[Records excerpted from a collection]
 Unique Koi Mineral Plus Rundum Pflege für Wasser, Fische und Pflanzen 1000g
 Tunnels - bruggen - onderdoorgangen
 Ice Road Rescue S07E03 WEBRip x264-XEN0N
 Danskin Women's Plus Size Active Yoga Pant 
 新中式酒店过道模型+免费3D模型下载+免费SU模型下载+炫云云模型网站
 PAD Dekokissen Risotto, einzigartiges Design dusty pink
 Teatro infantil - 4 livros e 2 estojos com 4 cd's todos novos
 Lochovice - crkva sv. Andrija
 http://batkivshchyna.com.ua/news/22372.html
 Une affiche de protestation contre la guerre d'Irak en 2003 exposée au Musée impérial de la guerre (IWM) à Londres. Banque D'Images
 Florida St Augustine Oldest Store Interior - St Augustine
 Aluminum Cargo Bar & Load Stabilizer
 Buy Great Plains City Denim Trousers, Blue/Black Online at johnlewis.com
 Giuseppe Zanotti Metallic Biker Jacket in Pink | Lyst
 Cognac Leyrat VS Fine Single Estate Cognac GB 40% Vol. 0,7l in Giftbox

About this exercise: No line before the one with "Teatro infantil - 4" belongs in the answer; copy that line and the rest of the records exactly.

Task solution:
 Teatro infantil - 4 livros e 2 estojos com 4 cd's todos novos
 Lochovice - crkva sv. Andrija
 http://batkivshchyna.com.ua/news/22372.html
 Une affiche de protestation contre la guerre d'Irak en 2003 exposée au Musée impérial de la guerre (IWM) à Londres. Banque D'Images
 Florida St Augustine Oldest Store Interior - St Augustine
 Aluminum Cargo Bar & Load Stabilizer
 Buy Great Plains City Denim Trousers, Blue/Black Online at johnlewis.com
 Giuseppe Zanotti Metallic Biker Jacket in Pink | Lyst
 Cognac Leyrat VS Fine Single Estate Cognac GB 40% Vol. 0,7l in Giftbox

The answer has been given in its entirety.